When MadNLP runs in inertia-free mode, the algorithm does not require to compute the inertia when factorizing the matrix $K$. In that case, MadNLP can use a classical LU or QR factorization to solve the linear system $Kx = b$.
Solving a KKT system with MadNLP
We suppose available a AbstractKKTSystem
kkt
, properly assembled following the procedure presented previously.

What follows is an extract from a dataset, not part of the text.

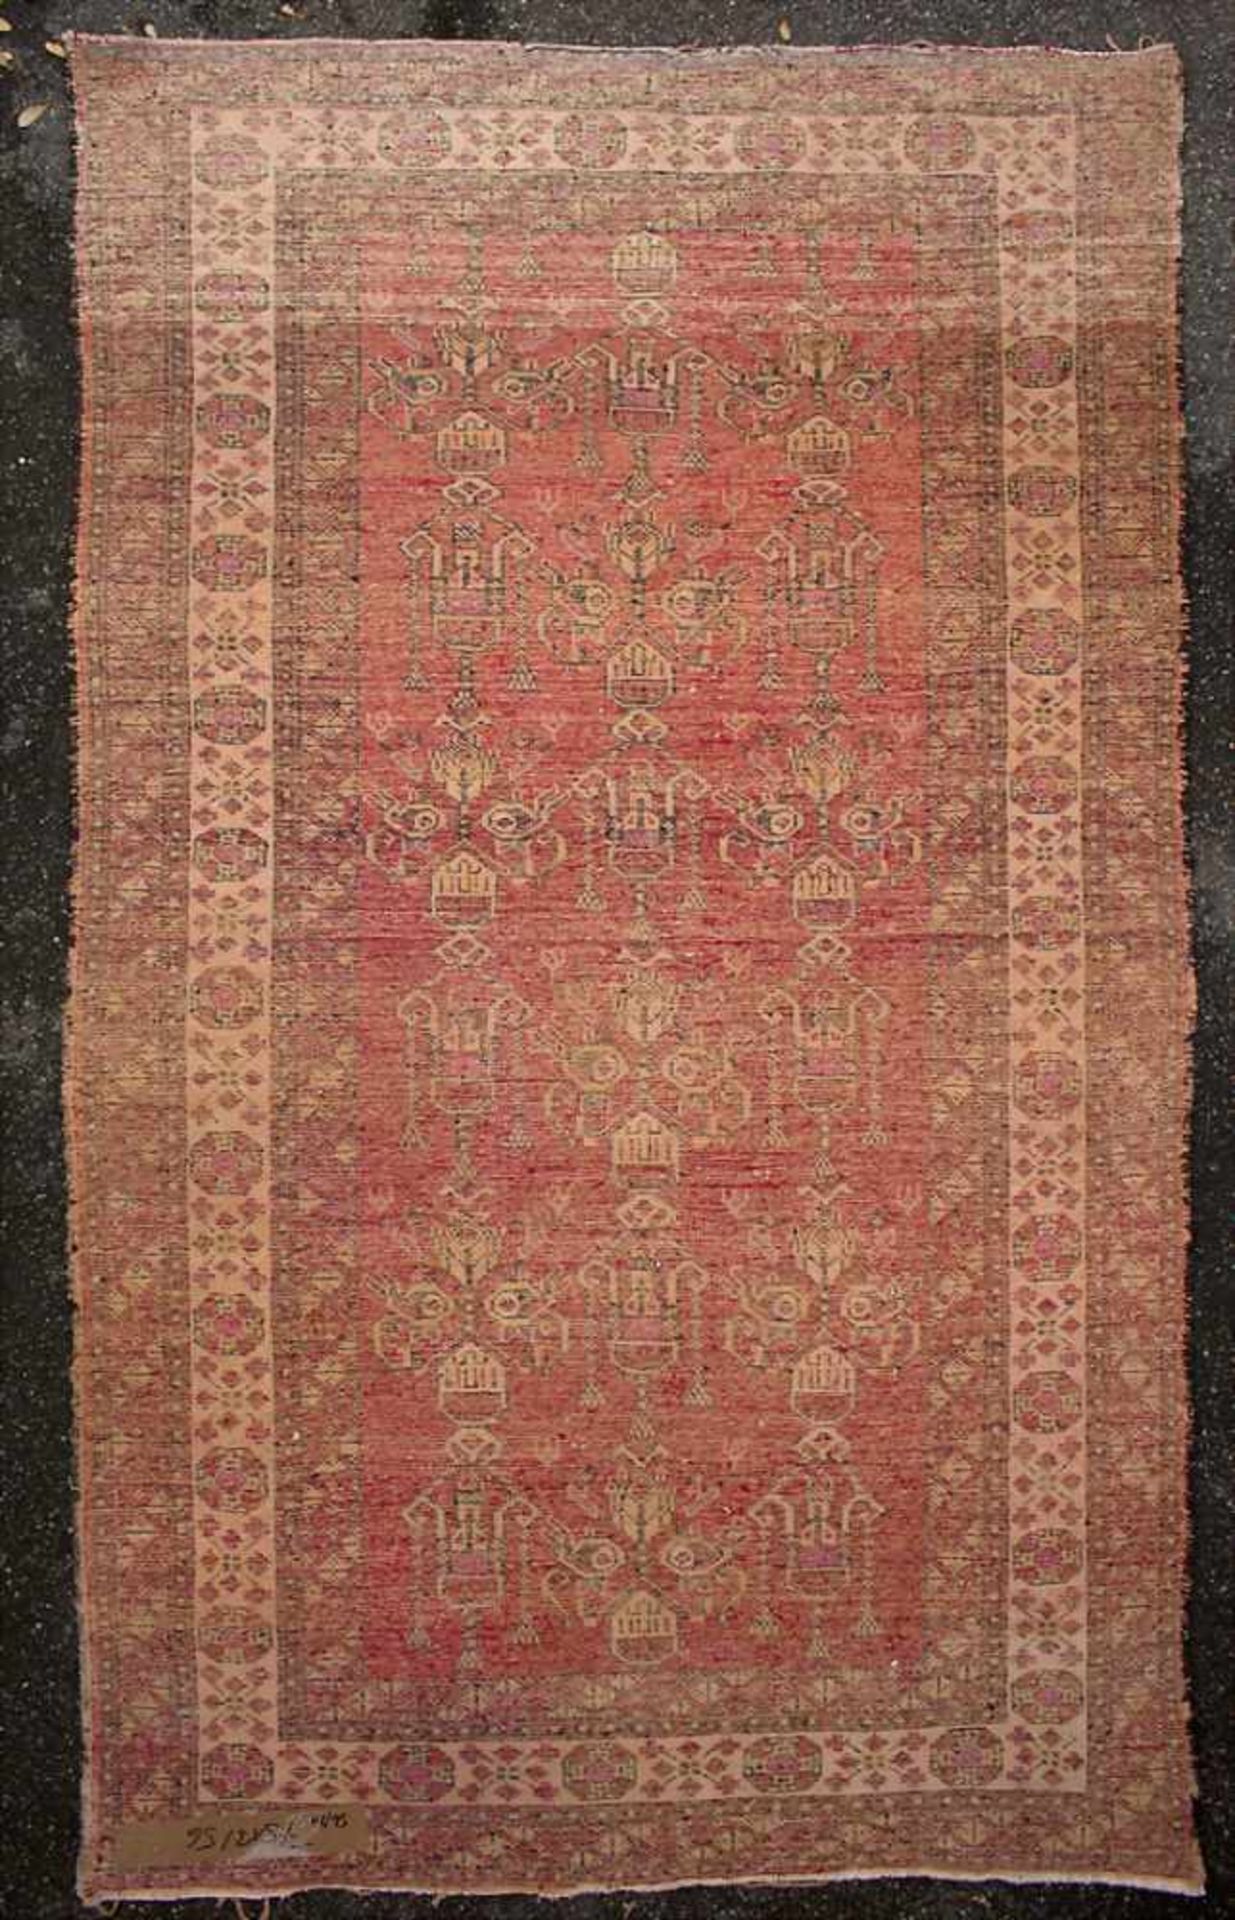 Orientteppich / An oriental carpetMaterial: Wolle auf Baumwolle, Maße: 208 x 122 cm, Zustand: - Image 2 of 5

We can query the assembled matrix $K$ as
K = MadNLP.get_kkt(kkt)
6×6 Matrix{Float64}:
2.0 0.0 0.0 0.0 0.0 0.0
0.0 200.0 0.0 0.0 0.0 0.0
0.0 0.0 0.0 0.0 0.0 0.0
0.0 0.0 0.0 0.0 0.0 0.0
0.0 0.0 -1.0 0.0 0.0 0.0
1.0 0.0 0.0 -1.0 0.0 0.0
Then, if we want to pass the KKT matrix K
to Lapack, this translates to
linear_solver = LapackCPUSolver(K)
LapackCPUSolver{Float64}([2.0 0.0 … 0.0 0.0; 0.0 200.0 … 0.0 0.0; … ; 0.0 0.0 … 0.0 0.0; 1.0 0.0 … 0.0 0.0], [2.0 0.0 … 0.0 0.0; 0.0 200.0 … 0.0 0.0; … ; 0.0 0.0 … 0.0 0.0; 1.0 0.0 … 0.0 0.0], [0.0], -1, Base.RefValue{Int64}(0), Dict{Symbol, Any}(), MadNLP.LapackOptions(MadNLP.BUNCHKAUFMAN), MadNLP.MadNLPLogger(MadNLP.INFO, MadNLP.INFO, nothing))
The instance linear_solver
does not copy the matrix $K$ and instead keep a reference to it.
linear_solver.dense === K
true
That way every time we re-assemble the matrix $K$ in kkt
, the values are directly updated inside linear_solver
.
To compute the factorization inside linear_solver
, one simply as to call:
MadNLP.factorize!(linear_solver)
LapackCPUSolver{Float64}([2.0 0.0 … 0.0 0.0; 0.0 200.0 … 0.0 0.0; … ; 0.0 0.0 … 0.0 0.0; 1.0 0.0 … 0.0 0.0], [2.0 0.0 … 0.0 0.0; 0.0 200.0 … 0.0 0.0; … ; 0.0 0.0 … 0.0 0.0; 0.5 0.0 … -1.0 -0.5], [384.0, 0.0, 5.58679274e-316, 5.58662713e-316, 1.2875975e-316, 0.0, 6.365987414e-314, 0.0, 0.0, 0.0 … 2.4747693e-316, 0.0, 4.2439918645e-314, 0.0, 0.0, 0.0, 5.32189727e-316, 0.0, 1.2875833e-316, 1.2875833e-316], 384, Base.RefValue{Int64}(0), Dict{Symbol, Any}(:ipiv => [1, 2, -5, -5, -6, -6]), MadNLP.LapackOptions(MadNLP.BUNCHKAUFMAN), MadNLP.MadNLPLogger(MadNLP.INFO, MadNLP.INFO, nothing))
Once the factorization computed, computing the backsolve for a right-hand-side b
amounts to
nk = size(kkt, 1)
b = rand(nk)
MadNLP.solve!(linear_solver, b)
6-element Vector{Float64}:
0.631358073804925
0.0040793963052856005
-0.2796567800246169
-0.18552533773316882
-0.0331186942806706
-0.6074504205132841
The values of b
being modified inplace to store the solution $x$ of the linear system $Kx =b$.